The Royal Charter and the Newspaper Society’s proposed alternative appear to agree that the relationship between news organizations and the populace must be nurtured and strengthened. Though the advent of digital media has certainly torn down barriers between journalists and the readers they serve, the tone remains adversarial.
Increasingly, newspaper publishers and journalists are tempering this climate by opening up the hood, and allowing readers to see how information is gathered, how editorial judgment is wielded, and how stories take form.
As an editor, Gibson confided that consumers do value more transparency into “how the sausage is made,” and that publishers must position themselves to give their readers this level of access. There’s no going back, she warned. “Like politicians saying, I think we need to go back to the 18th century, when we just had to say something, and everyone obeyed. We didn’t have to answer the tough questions about what we do with our money! That’s gone. You’re going to have to earn the respect individually, with every story, with every piece, with every issue, just like a politician has to,” she said.
“That’s not bad. That’s fine,” Gibson continued. “We may as well strive to make ourselves better journalists. Openness does take away some of the mystique — of course it does — but it also takes away a lot of the opportunity to hide our practices, so let’s embrace it.
Poynter’s Edmonds concurred. “I still don’t think people are especially interested in long (explanations) about how we got a story, but some of that — and also responding to people who ask, and making that information accessible — is a good step forward” he said.

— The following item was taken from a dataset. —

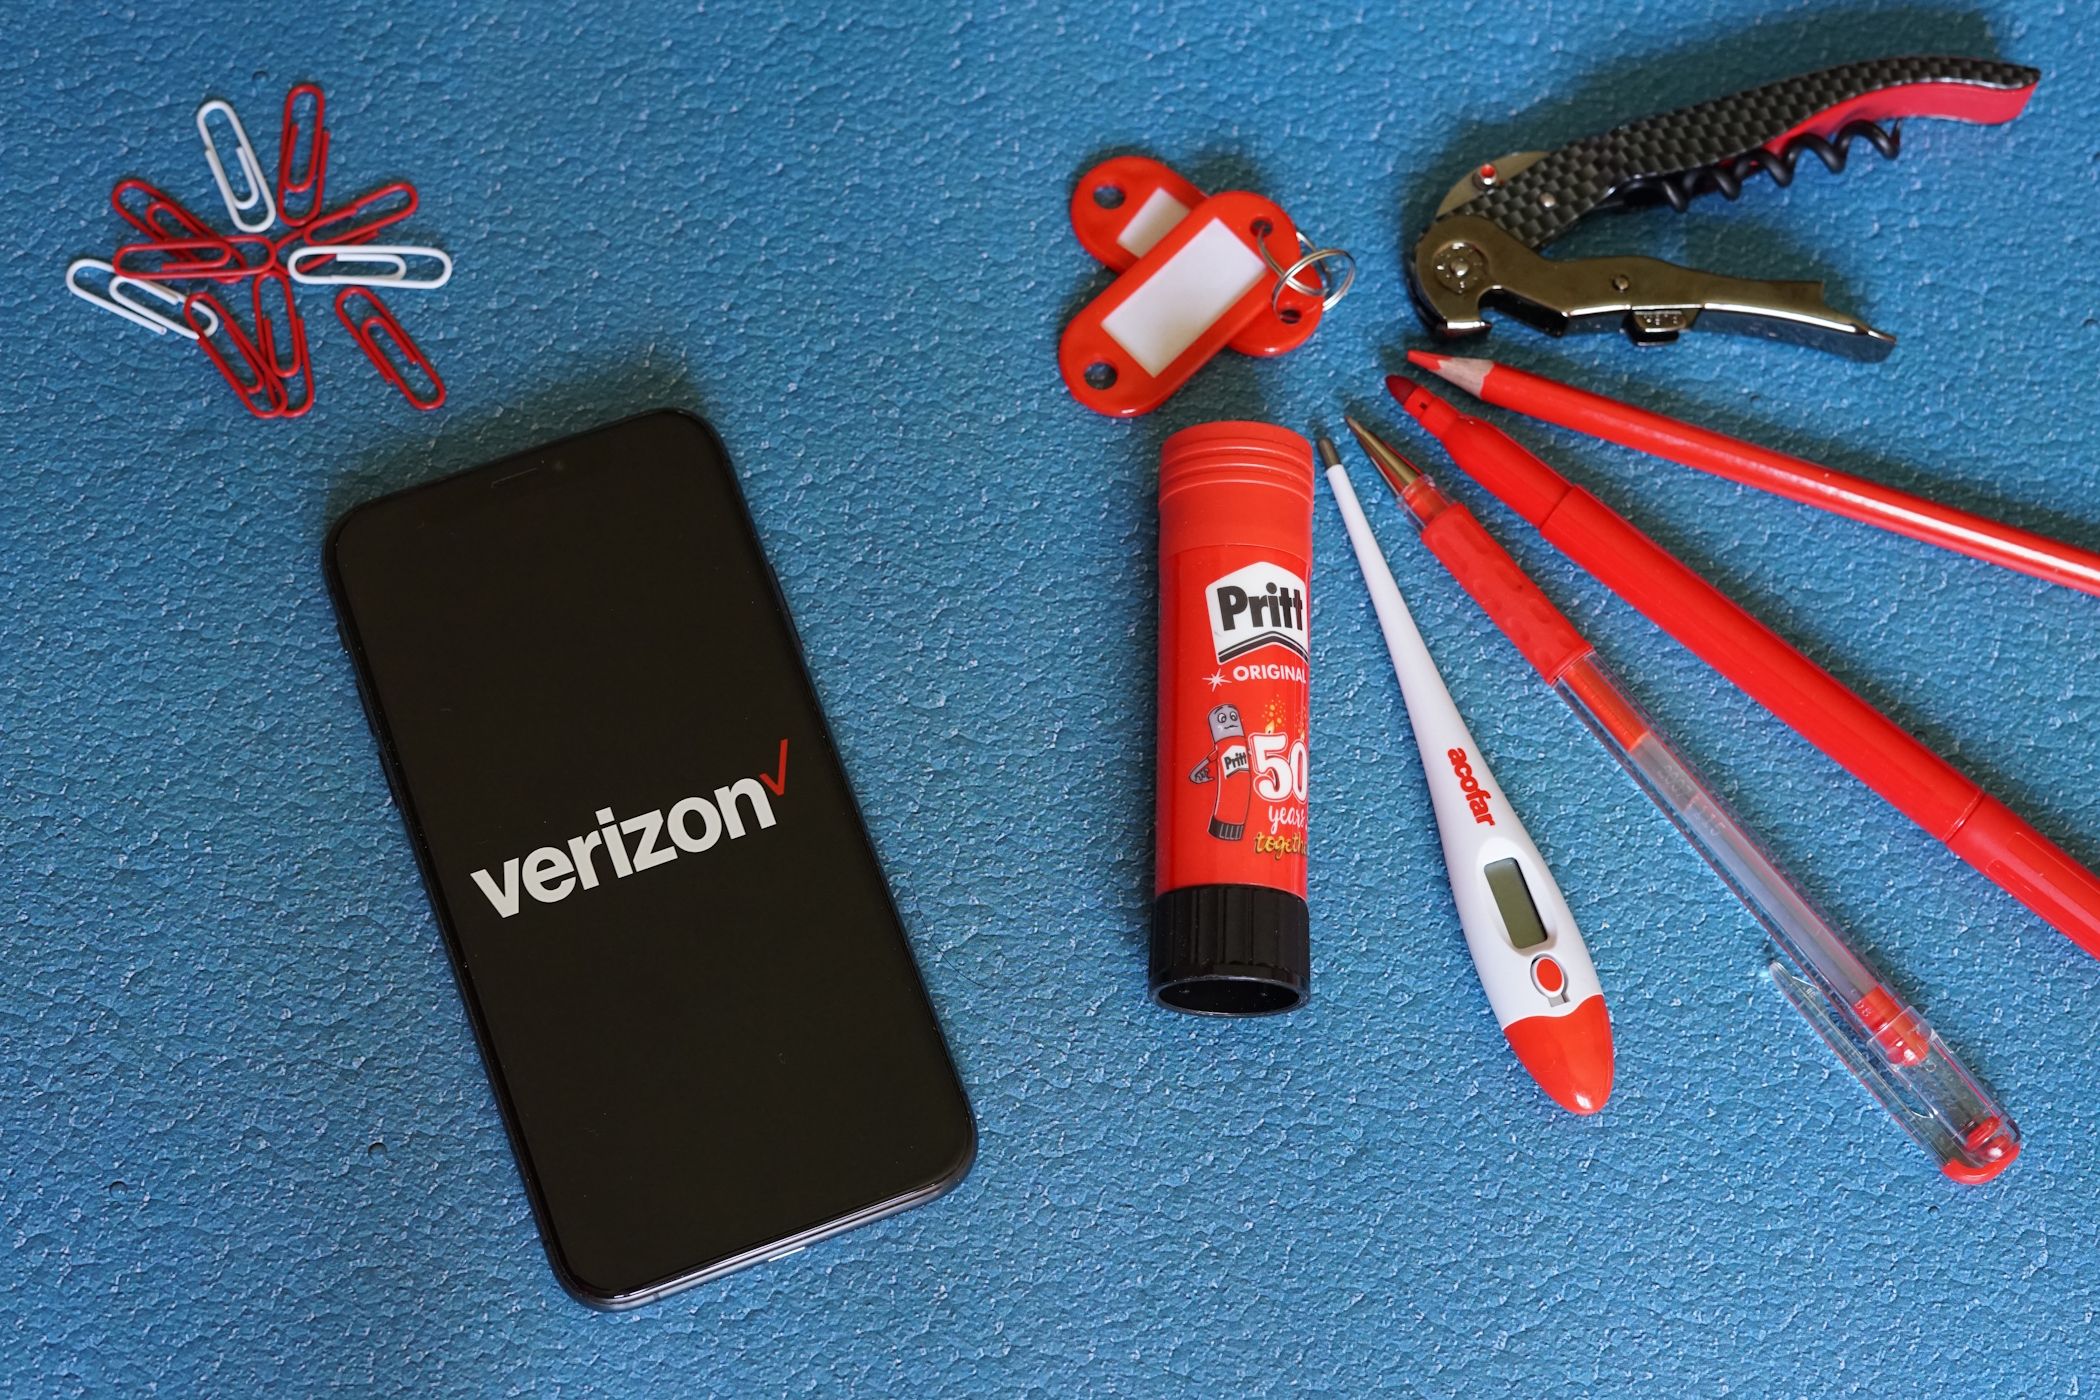 Verizon logo on an iPhone screen next to paper clips and red stationery

“We’re now in a world where there’s a glut of information — information overload — and we haven’t had the opportunity yet to fine-tune the process of what will end up being qualified as quality journalism in the digital world,” Precision Media’s Sacks said. “It hasn’t risen to the top yet. We’re too young. We don’t know what it looks like, and the masses don’t know, either. They’re confused by this glut of information.
“But the bottom line,” Sacks said, “is that I have faith in society. I’m an optimist, and I think eventually the public figures things out, not always to my liking or to my agreement, but eventually, they figure things out. And we’ve made it as a conscious body for 6,000 years, and we’ll make it even further. Everything is going to be fine. Kids are going to read. The world’s democratized knowledge base is growing. There are 6 billion people who have access to the Internet, and that’s mostly a good thing.”

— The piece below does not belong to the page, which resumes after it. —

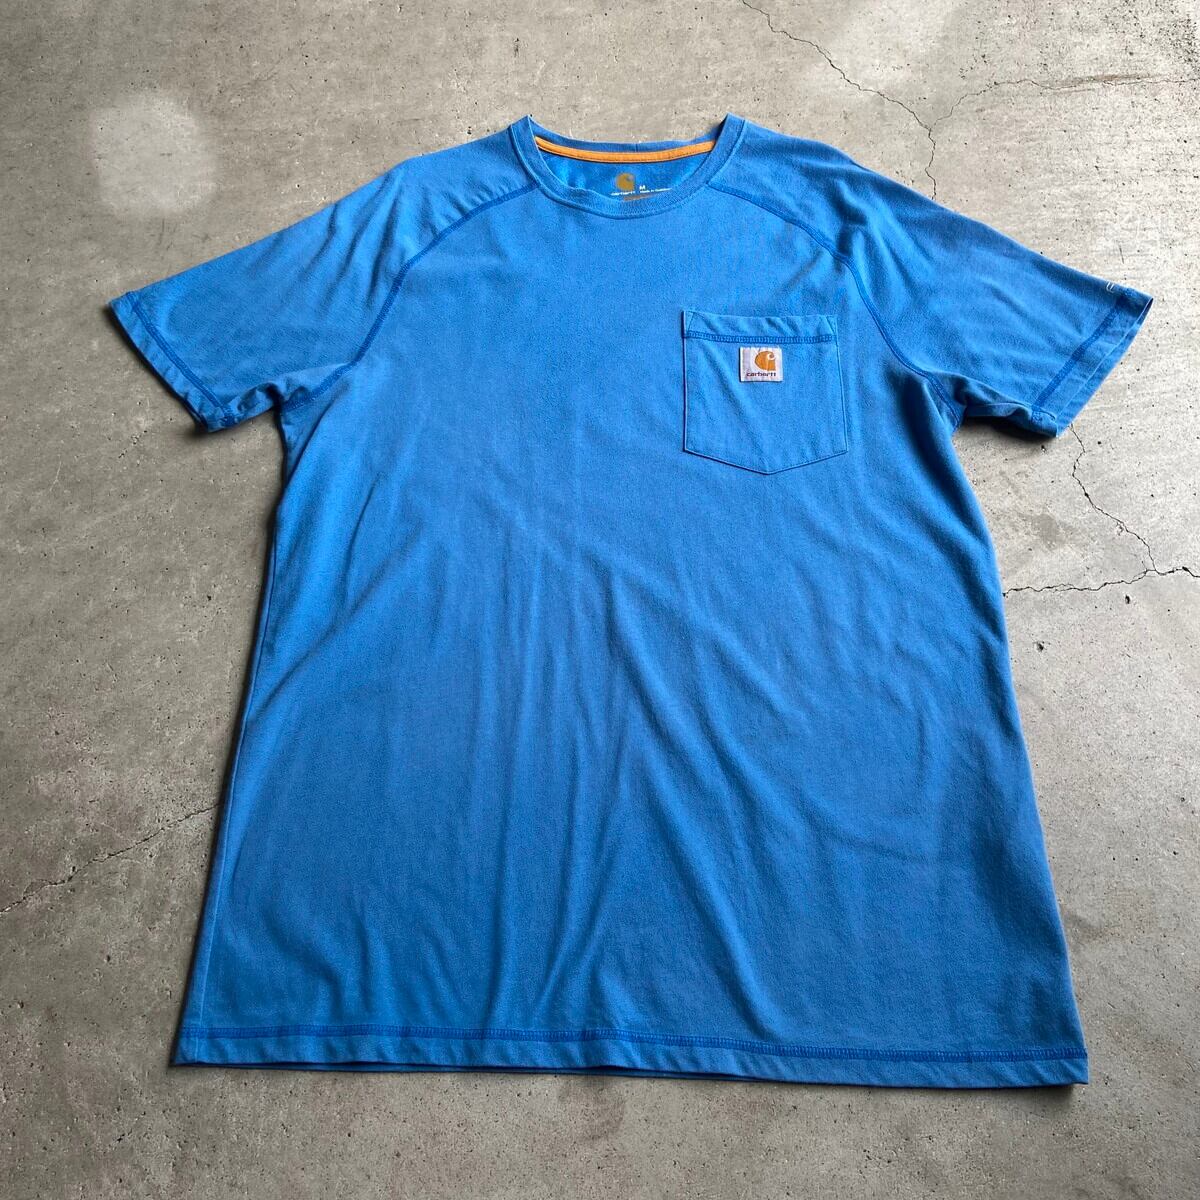 Carhartt FORCE カーハート ワンポイントロゴ ポケットTシャツ RELAXED FIT メンズM相当 古着 水色  ポケT【Tシャツ】【P2000】 | cave 古着屋【公式】古着通販サイト powered by BASE

Cautious optimism may be refreshing to weary industry ears, but complacency — a let’s just sit back and see how it all shakes attitude — would be toxic to international news organizations.
“Our industry is vulnerable,” Gibson said. “The years when we felt entitled to our voice, our platform, and our megaphone, and everyone just sort of listened, are behind us.”

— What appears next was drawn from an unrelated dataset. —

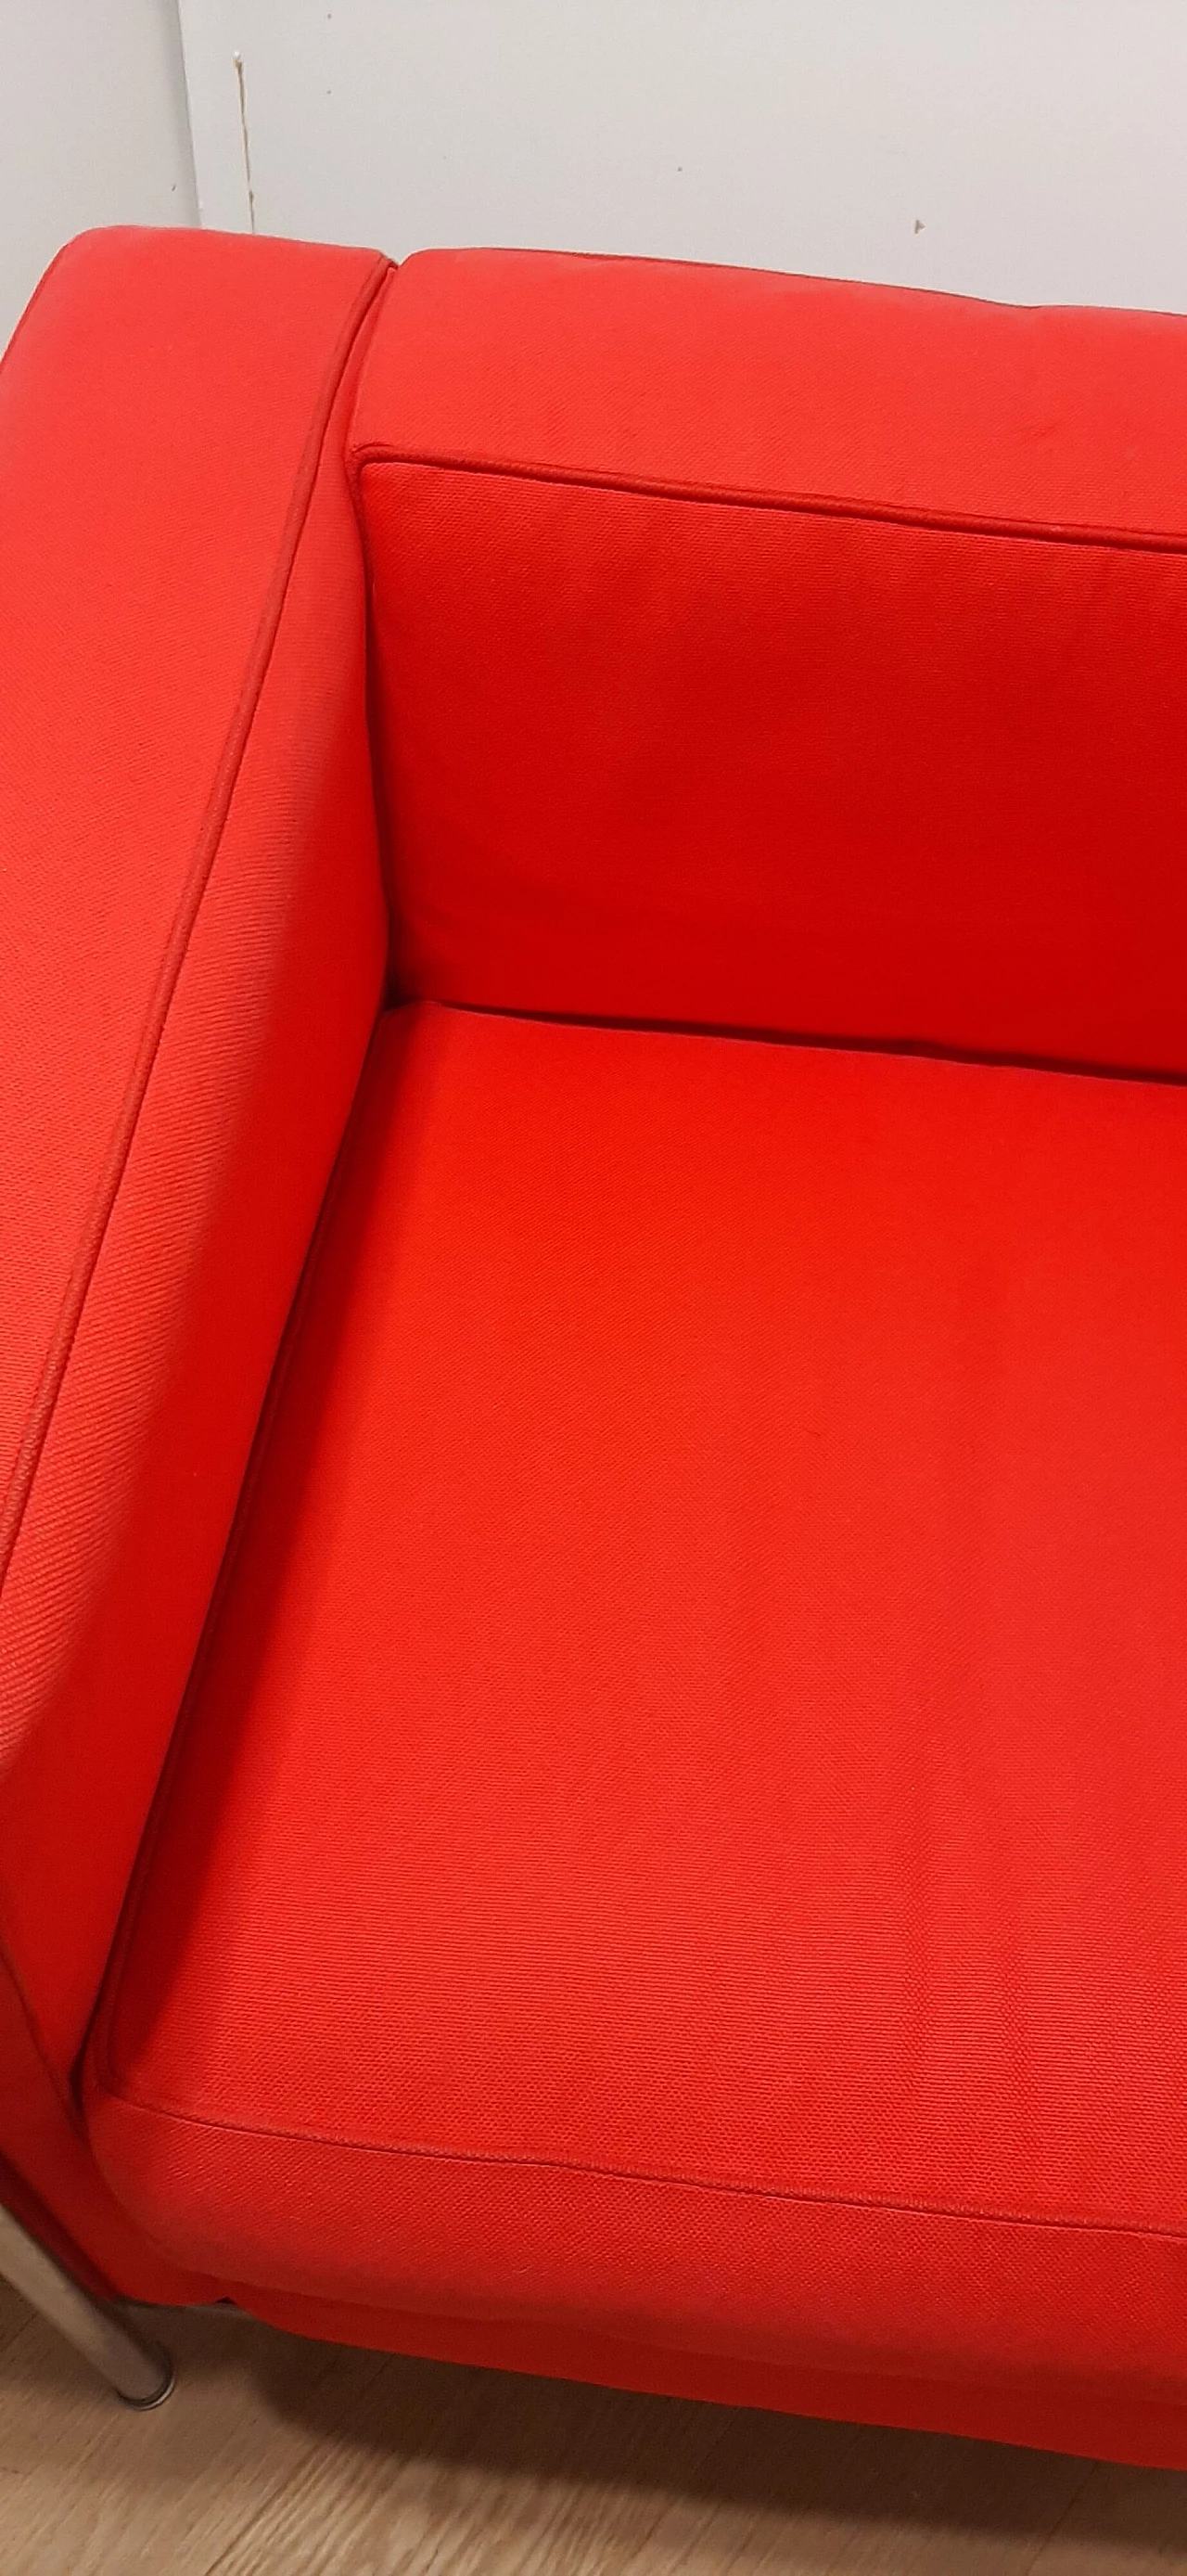 LC 2 armchair in red cotton by Le Corbusier, P. Jeanneret, C. Perriand for Alivar, 1980s 38

Gibson challenged her colleagues to ponder: “Where are the people? Where are your friends? Where are the readers who will support and protect you, not only by paying for (the newspaper) but defending the very publishing of it? You’ve got to hope and trust that the news organization that puts in the time and effort to be held accountable will prevail. Readers comments, ombudsmen, having visible corrections, and promoting policies like not paying for stories … we hope that these things will pay off and ensure longevity.”